What to produce
Down to the last line, set down the material below exactly, excluding pictures.

Provided material
════════════════════

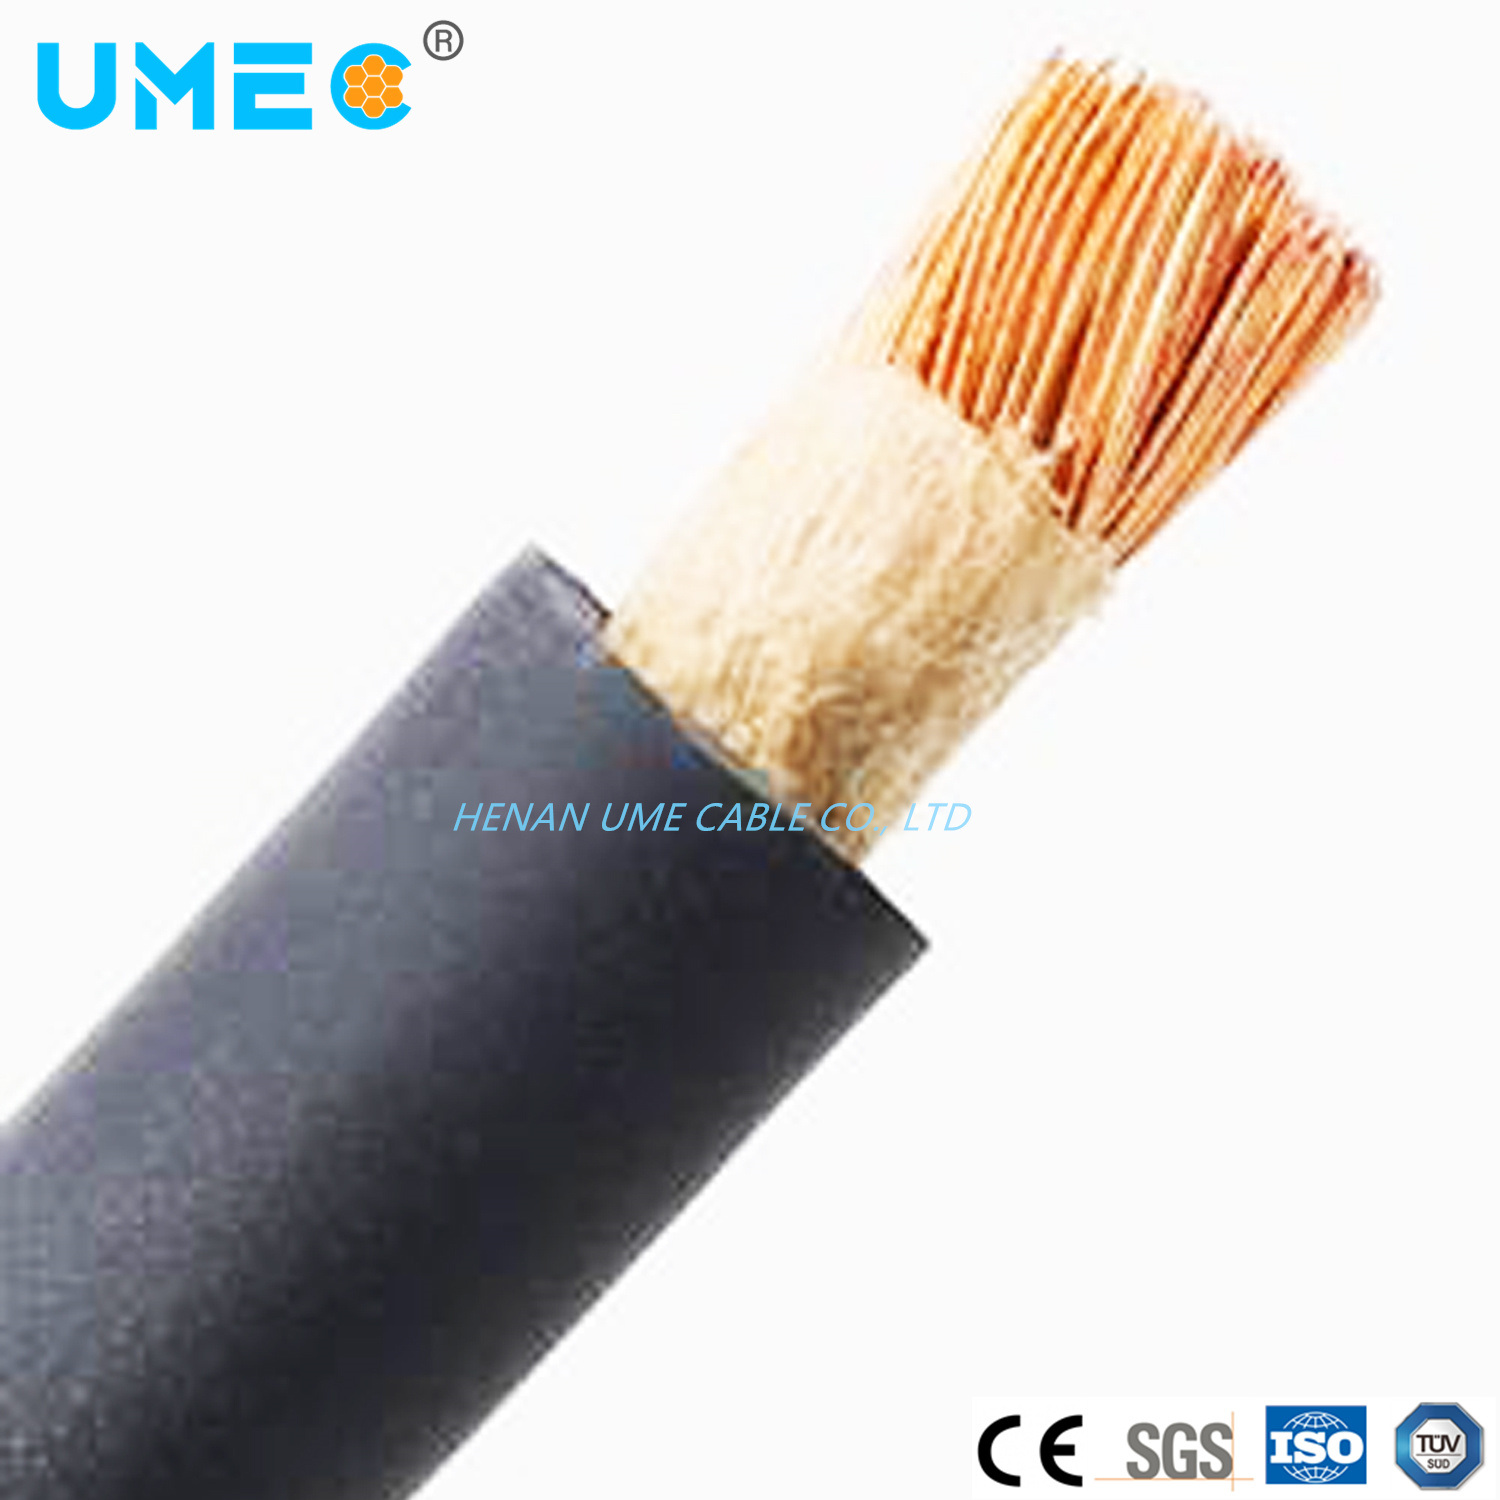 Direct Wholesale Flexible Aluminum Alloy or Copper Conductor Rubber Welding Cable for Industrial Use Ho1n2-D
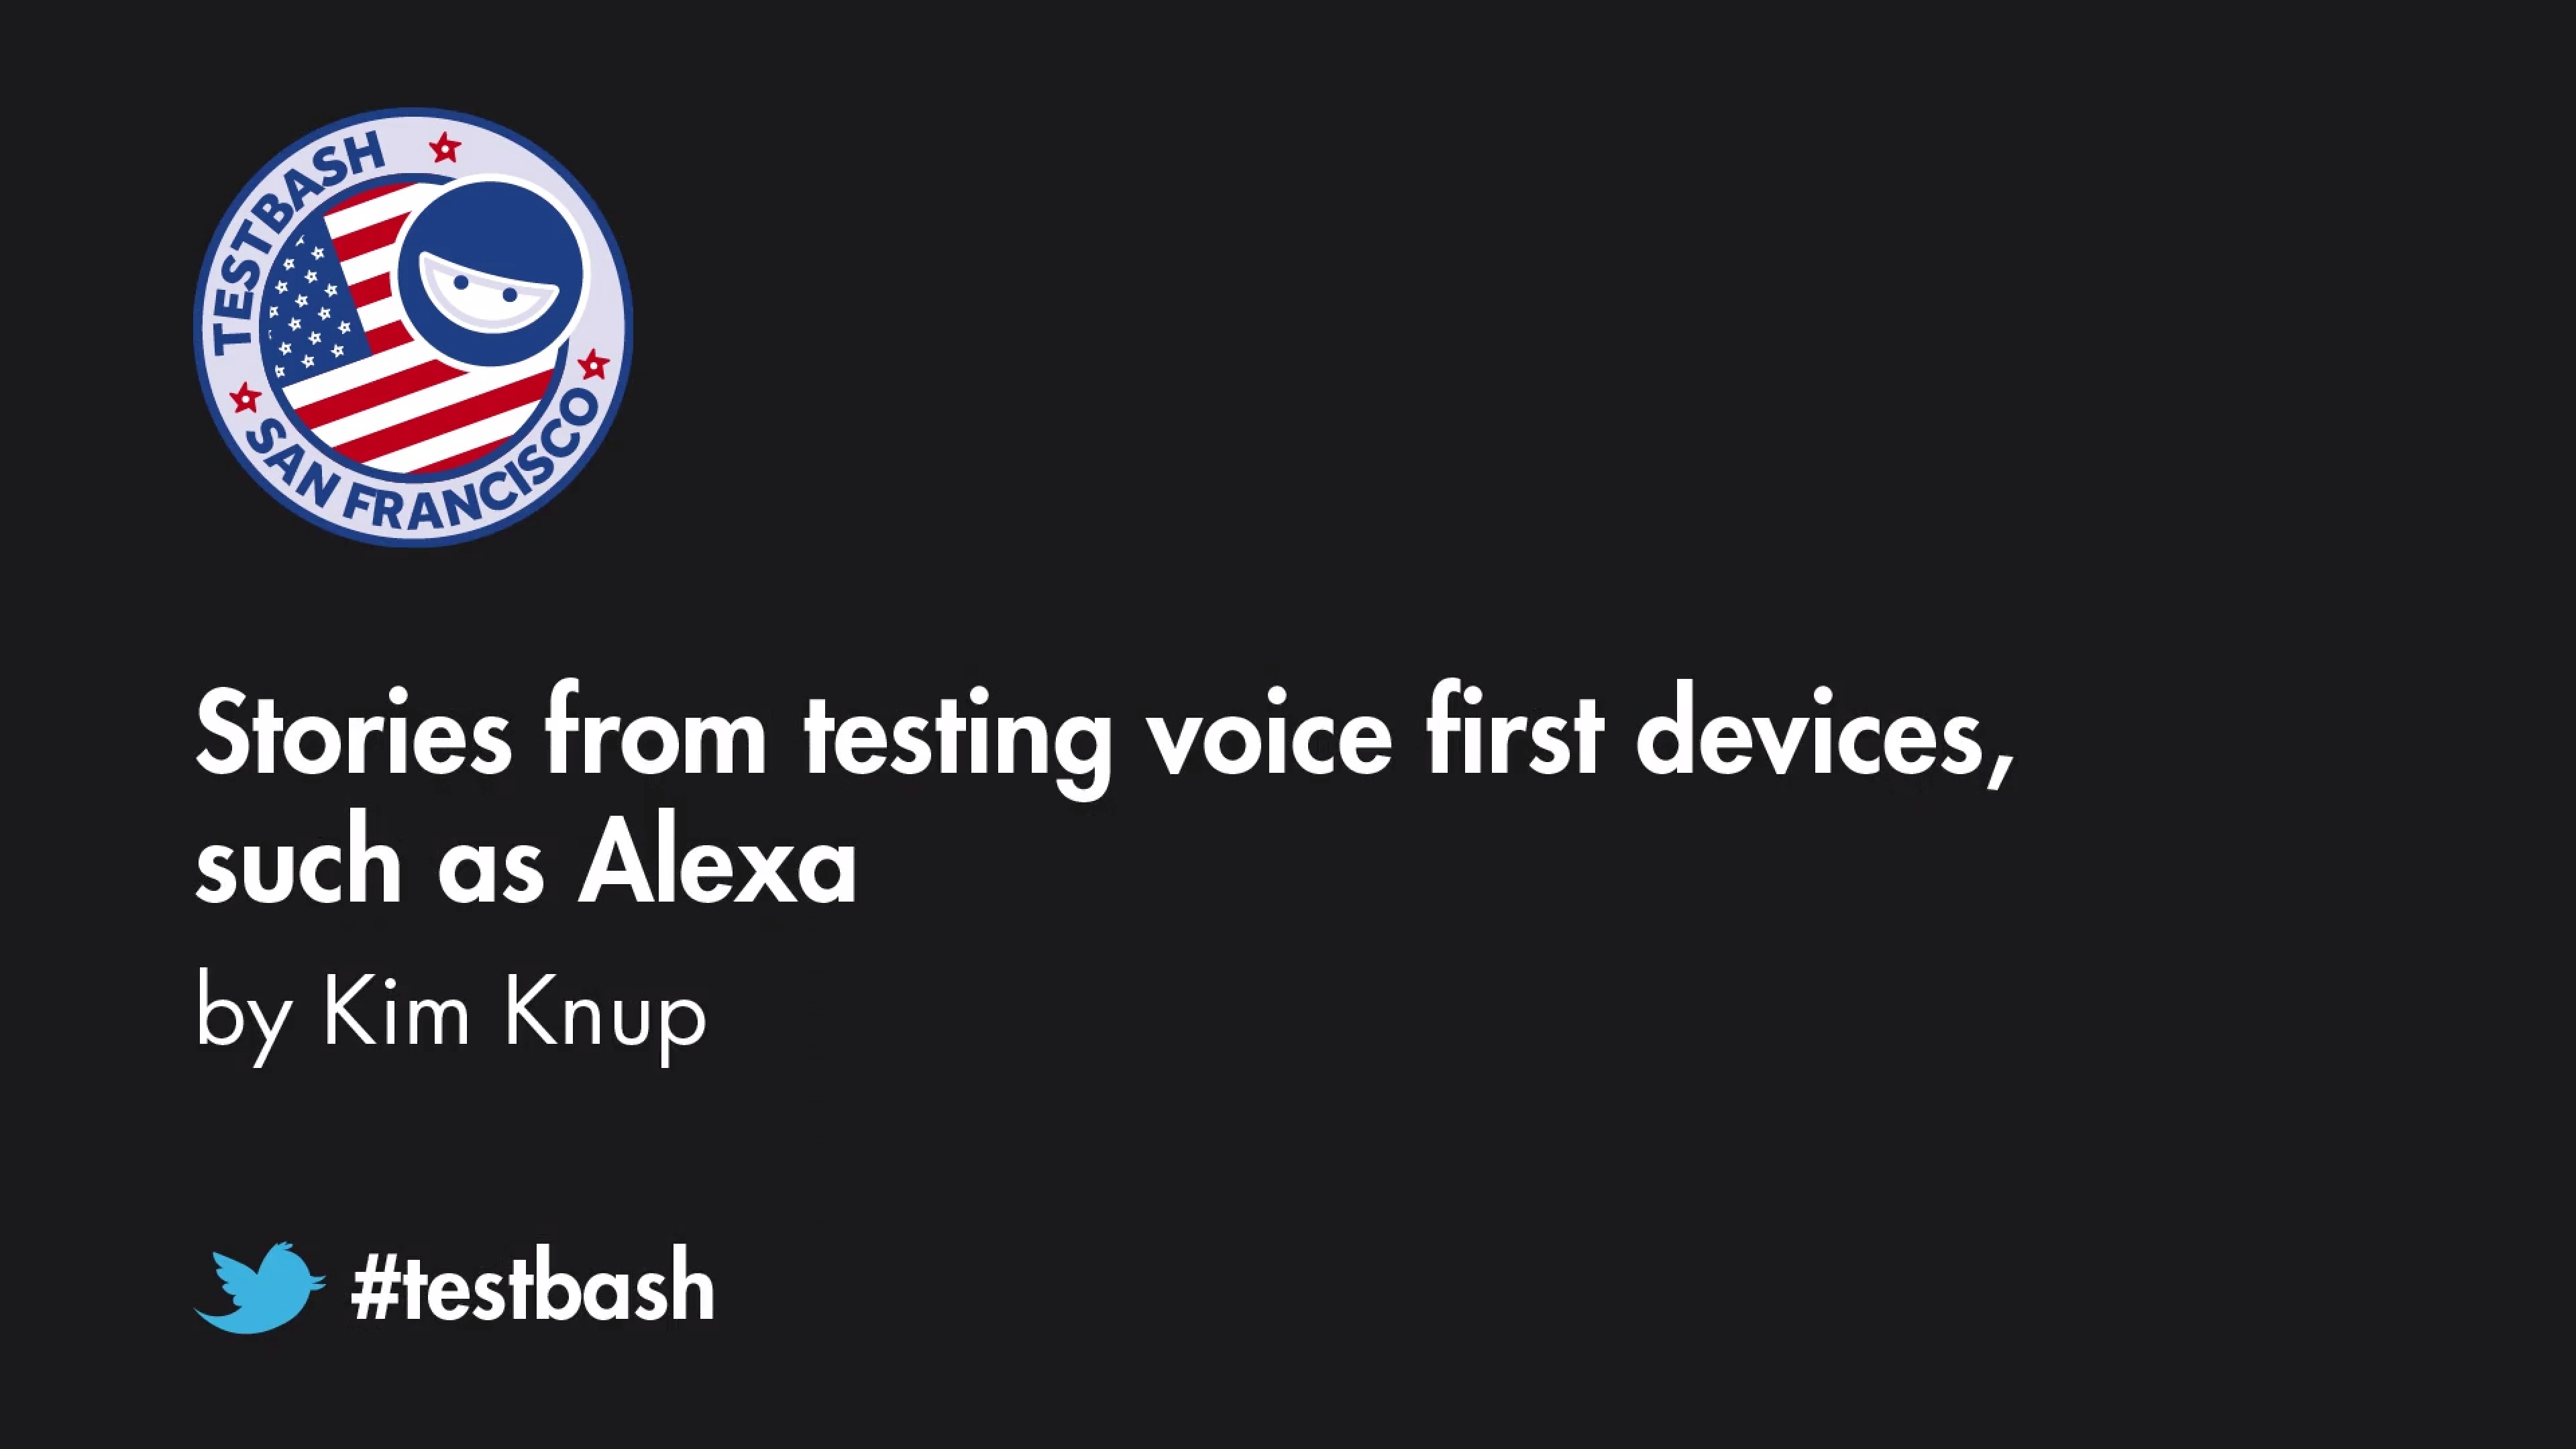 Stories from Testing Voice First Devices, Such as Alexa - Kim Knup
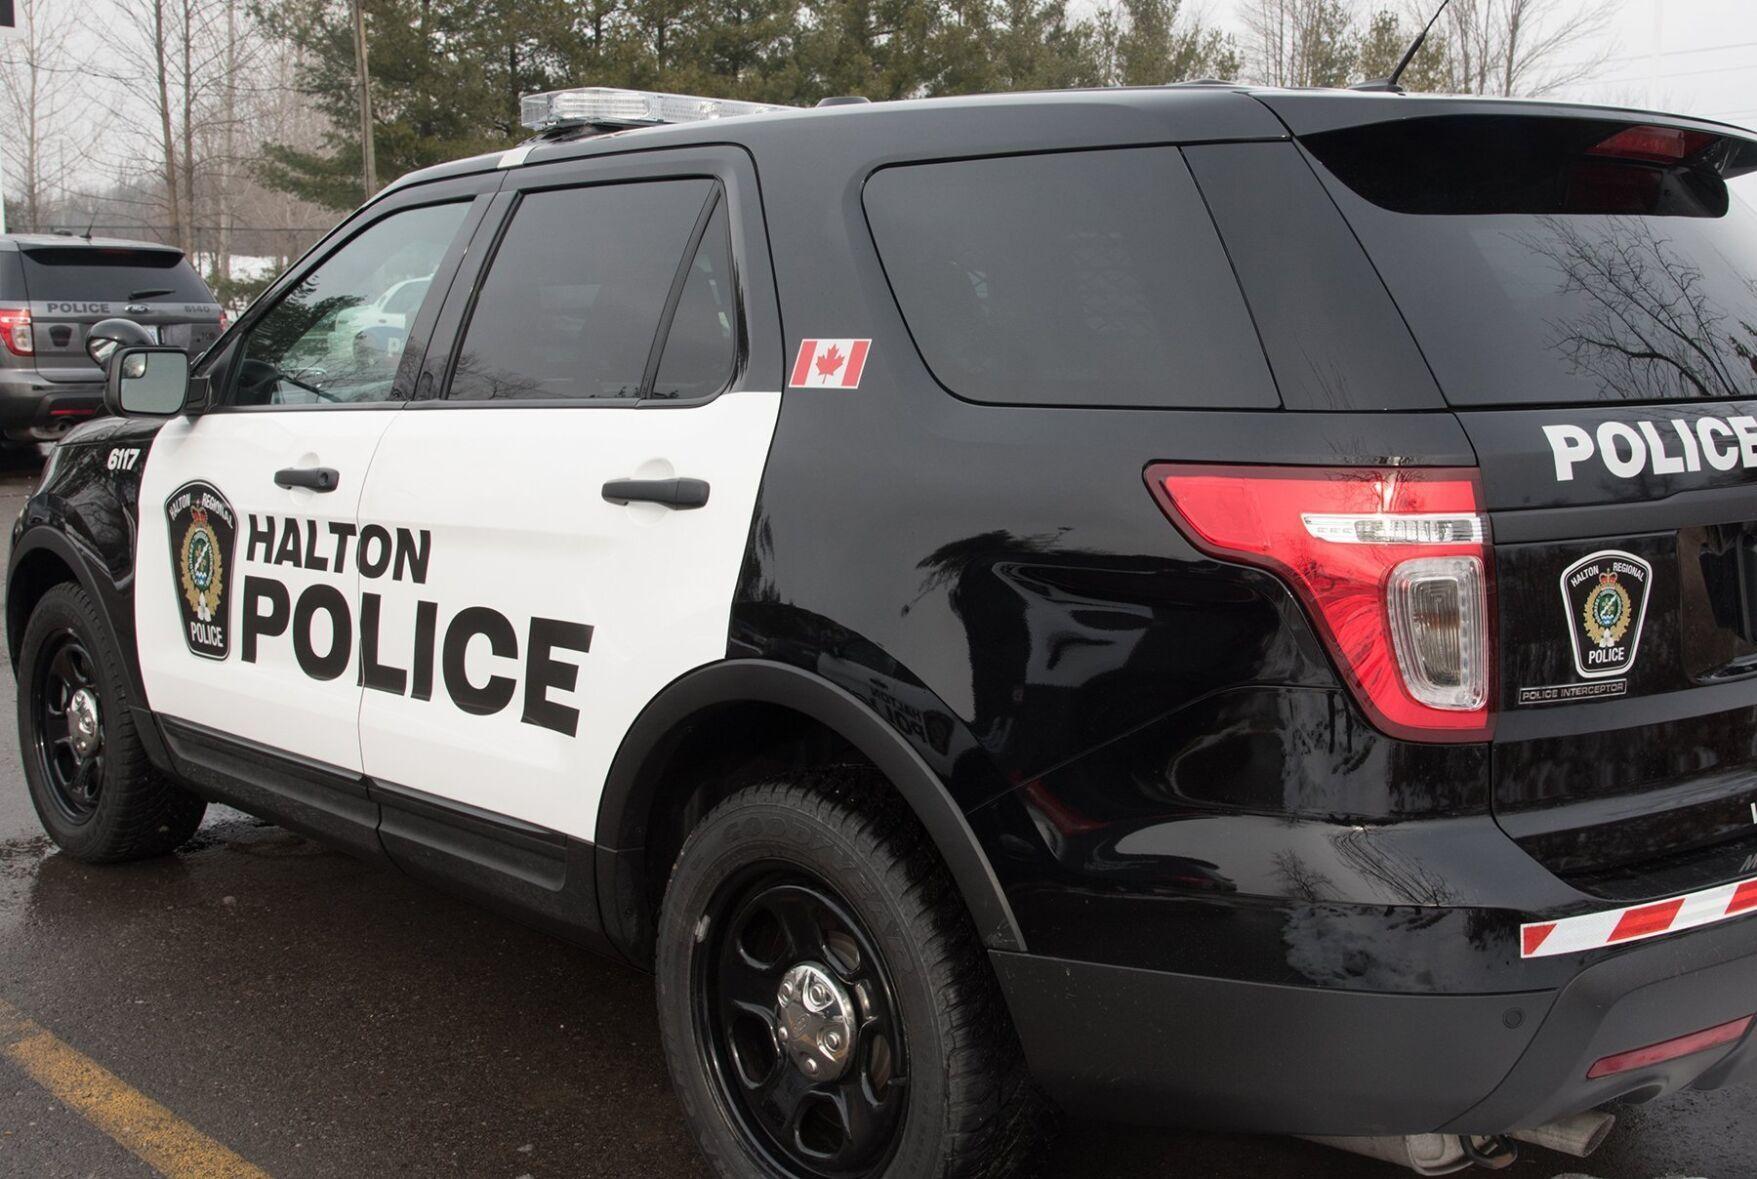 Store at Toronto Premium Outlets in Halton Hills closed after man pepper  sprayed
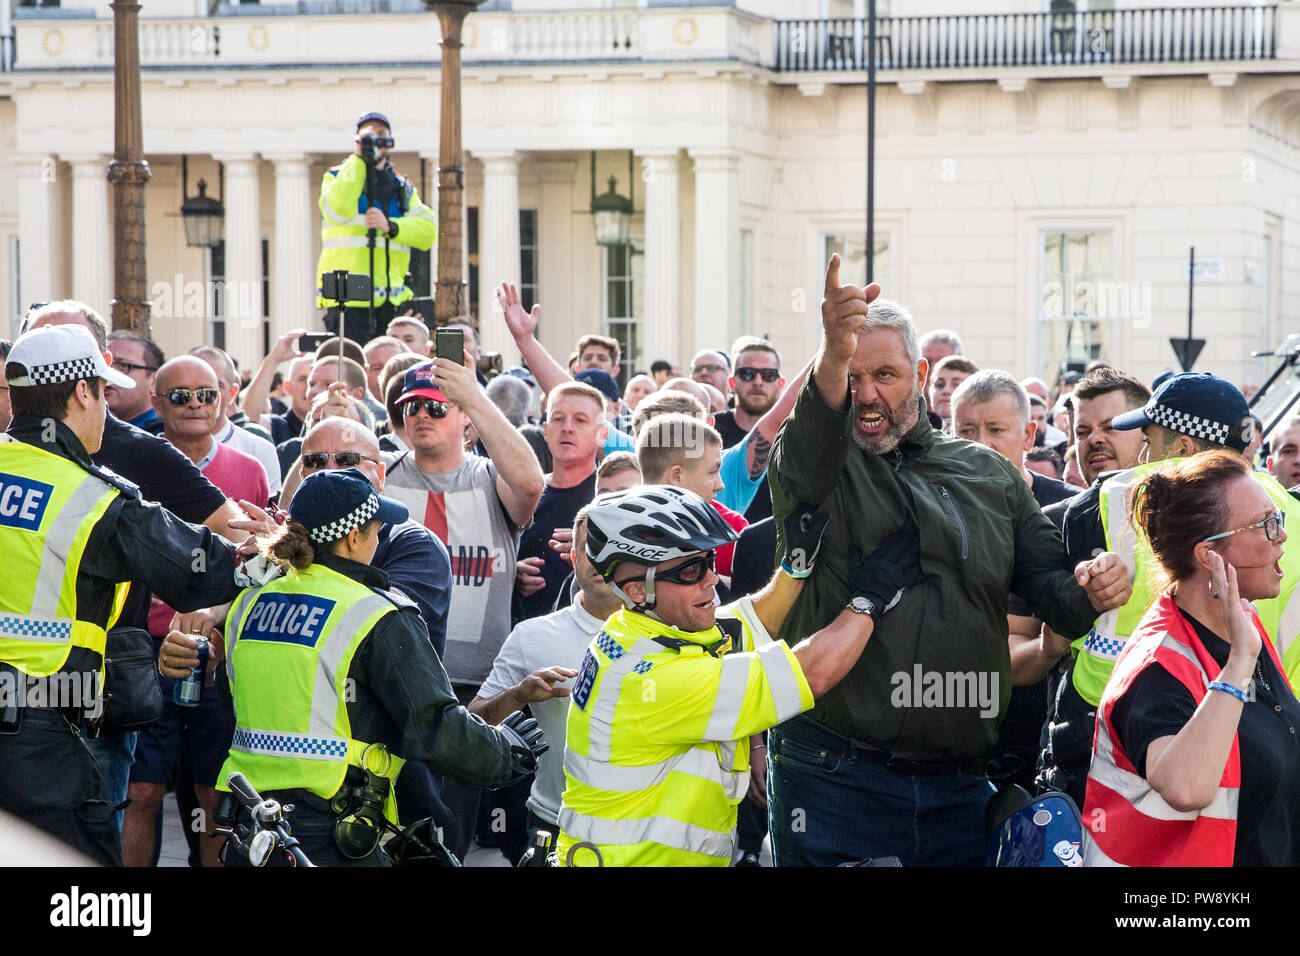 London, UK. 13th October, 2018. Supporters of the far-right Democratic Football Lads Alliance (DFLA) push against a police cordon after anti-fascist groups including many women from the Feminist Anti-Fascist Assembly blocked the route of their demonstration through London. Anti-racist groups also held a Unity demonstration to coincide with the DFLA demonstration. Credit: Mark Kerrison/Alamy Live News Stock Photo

════════════════════

Reply to the task
 Direct Wholesale Flexible Aluminum Alloy or Copper Conductor Rubber Welding Cable for Industrial Use Ho1n2-D
 Stories from Testing Voice First Devices, Such as Alexa - Kim Knup
 Store at Toronto Premium Outlets in Halton Hills closed after man pepper  sprayed
 London, UK. 13th October, 2018. Supporters of the far-right Democratic Football Lads Alliance (DFLA) push against a police cordon after anti-fascist groups including many women from the Feminist Anti-Fascist Assembly blocked the route of their demonstration through London. Anti-racist groups also held a Unity demonstration to coincide with the DFLA demonstration. Credit: Mark Kerrison/Alamy Live News Stock Photo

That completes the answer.